CPM is short for Cost Per Mille, and also referred to as CPT (Cost Per Thousand) or TAI (Thousand Ad Impressions). It is a key figure for the calculation of the advertising rate of print, online, tv or radio advertising on the basis of the possible visual contact for the advertising media. For instance, ads in Google AdWords or in Blind Network can optionally be calculated with CPM. The CPM determines how much advertisers need to pay in order to have 1.000 visitors or readers noticing an ad or a banner.
The contact of the subject with the advertising medium as well as the gross range serve as basis for the calculation of the CPM. Depending on the medium, different definitions apply for the contact:
Alternatively, the reach can also be indicated as net range. For means of distinction:
Gross range: At this, multiple contact is being included into the calculation. A contact with an advertising medium can take place through various readers, listeners or users, e.g. a radio program and therefore a commercial can be listened to by various people in an office, just as a magazine can be read by various patients in a doctor’s waiting room. Net range: Here it is assumed that only one person perceives the advertising material. For example, this is the case when talking of “unique visitors” of a website in the case of evaluating Online Media.
The formula for the calculation can be drawn up as follows: The CPM is the result from advertising cost divided by gross range multiplied with 1.000.
Example: A website is called up 1.000.000 times per month. The costs for the ad’s monthly insertion amount to €10.000. The calculation looks as follows: CPM = (Advertising cost) / (gross range (e.g. page impressions)) x 1.000 = (€10.000) / (1.000.000) x 1.000 = €10
The CPM for this insertion would then amount to €10. Conversely, the costs for an insertion can also be calculated if 1.000.000 people shall be reached with a CPM of €10: Advertising costs = (€10 x 1.000.000) / (1.000) = €10.000
A media planner who wants to generate 1.000.000 page impressions with his banners would have to pay €10.000 at a CPM of €10.
Apart from the medium’s range, the actual amount of the CPM also depends on the placing of the advertising material. A simple banner is thus a lot cheaper than a wallpaper. Additionally, the factor “rotation” also determines the price. In addition, the thousand contact price is also determined by the range and reputation of the respective medium. Advertisers will certainly have to pay more for advertising on a prestigious online news portal with more than 100,000 visitors per day than on a website of hobby insect researchers who reach only a few thousand users per month.
It makes a difference whether an advertising banner is fixed or has to compete with other ads.
With the help of the CPM, costs for the purposes of media planning in online marketing as well as print advertising can be scaled more precisely.
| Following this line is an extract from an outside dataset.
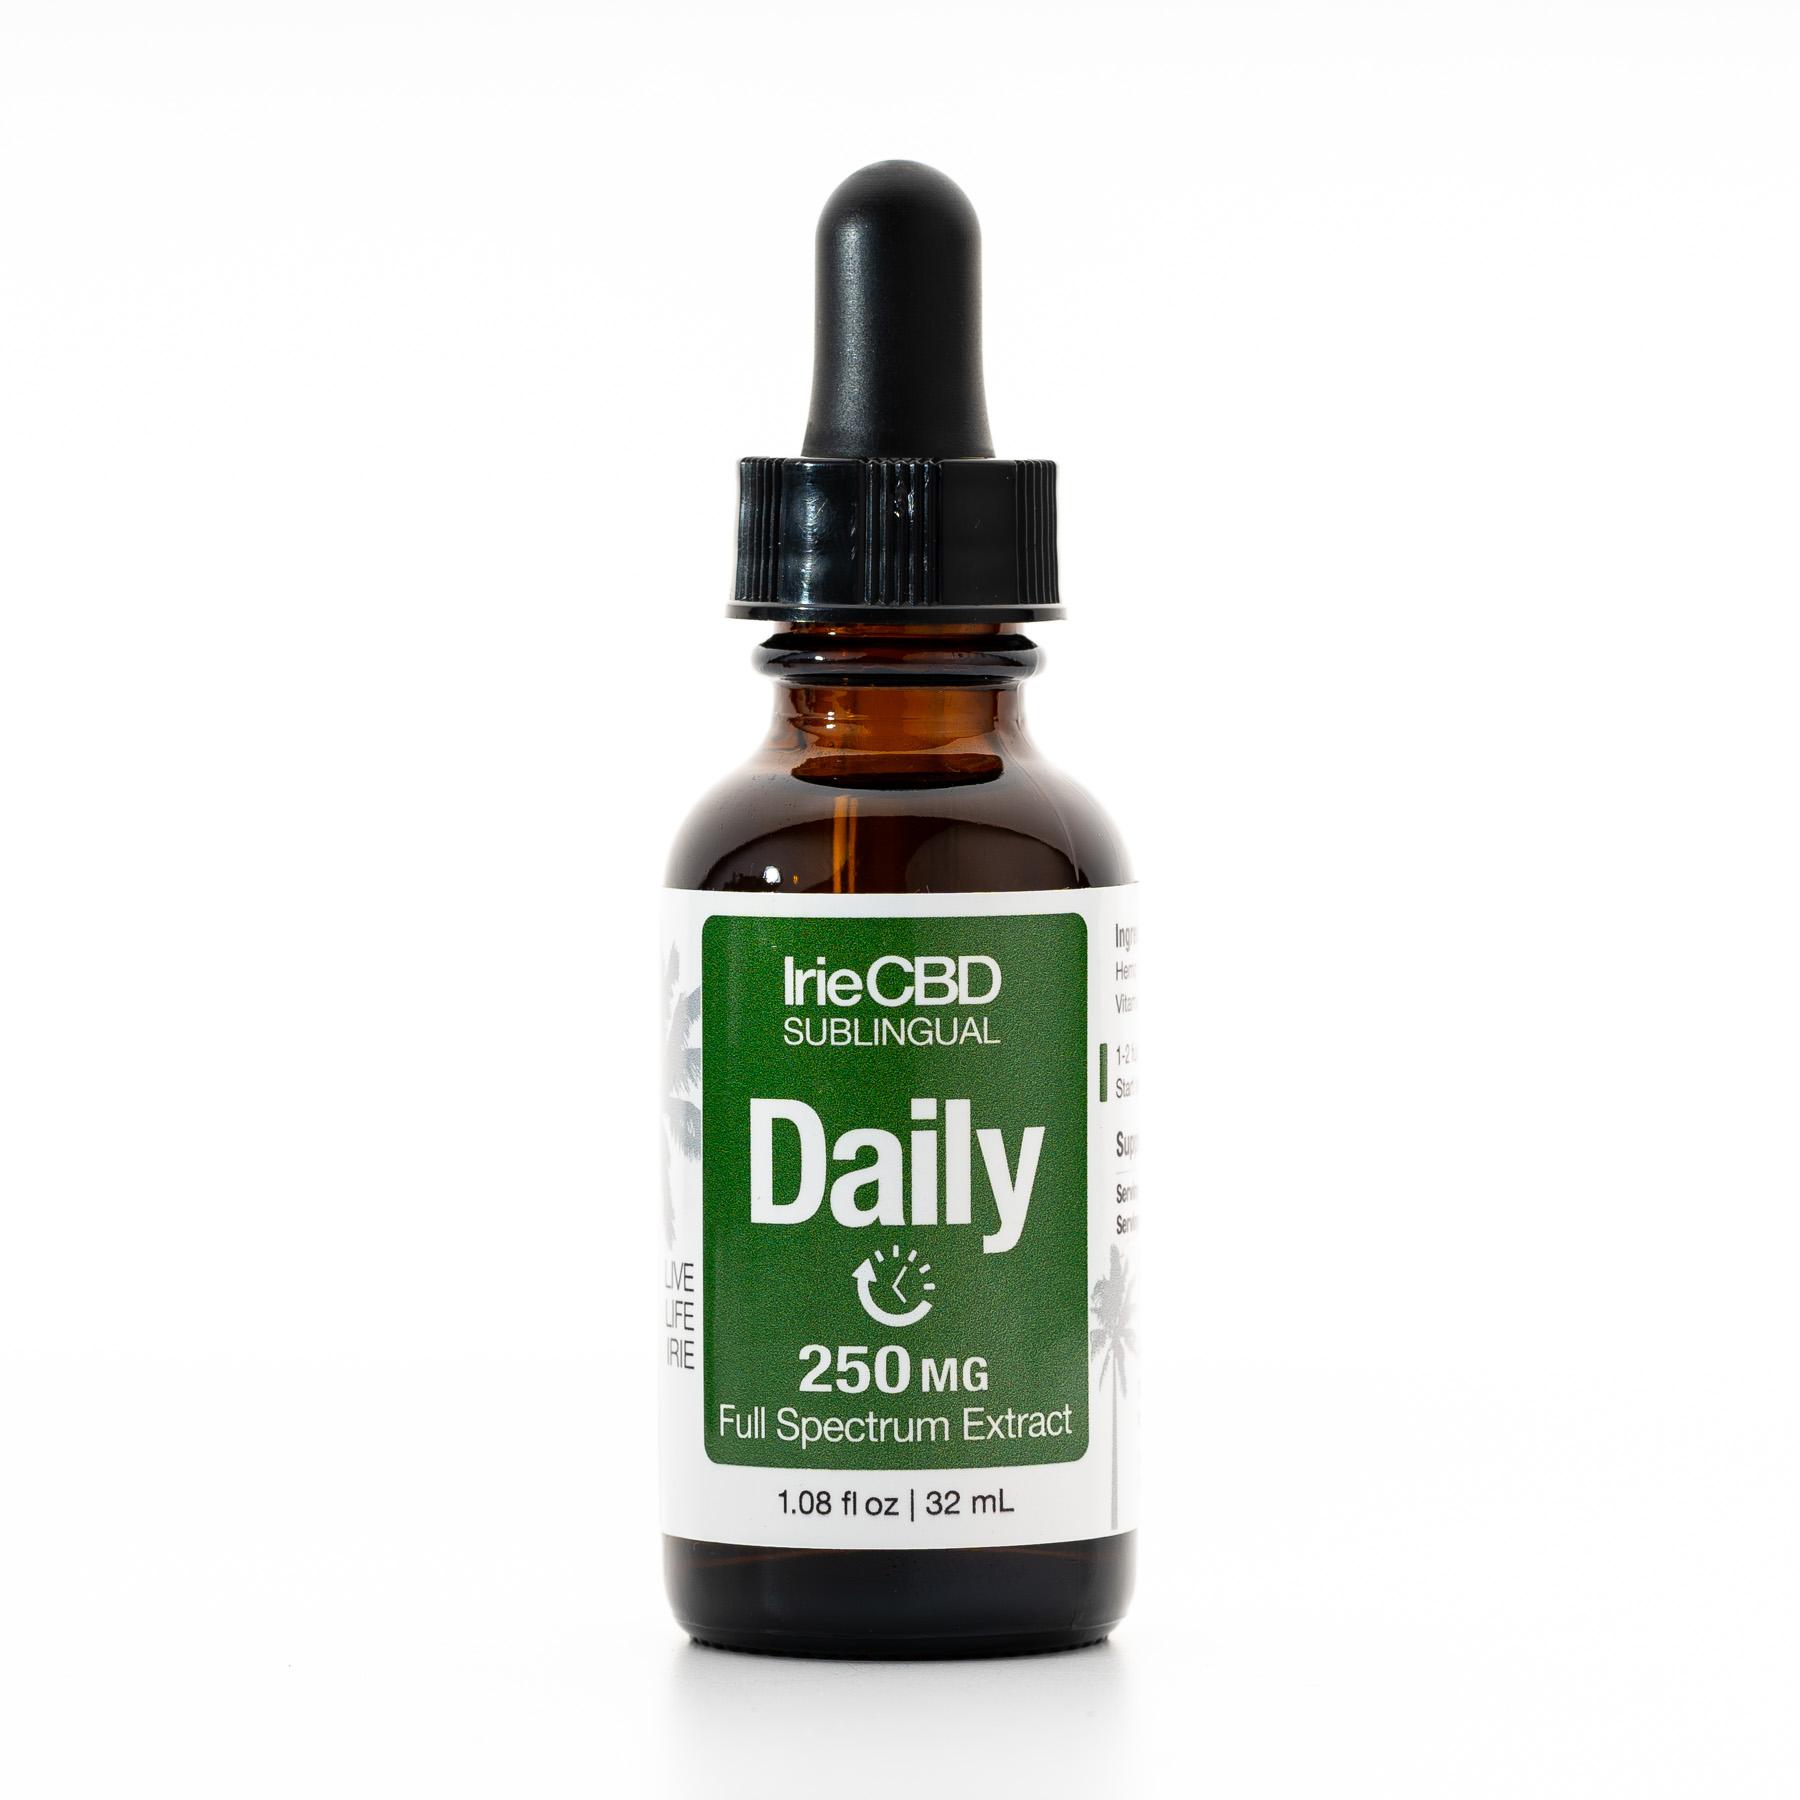 Daily 250mg CBD Oil Tincture Irie CBD

Beyond that, costs for the insertion on different channels can be compared on the basis of the CPM. Like that, advertisers can evaluate the respective advertising channels and draw crossmedia comparisons. An example: With the help of the CPM, advertising planners can estimate whether to lower or increase the budget on inviting offers for radio, print or online advertising.
You can’t deduce a contact’s quality with the advertising medium from the CPM – it’s merely a quantitative benchmark. With online advertising, it is often crucial whether the calculation of the CPM is based on the website’s visits, page impressions or unique visits. With calculating the CPM for TV or radio, the qualitative aspect is even lower, as usually, representative surveys or market research is applied in order to identify a station’s range.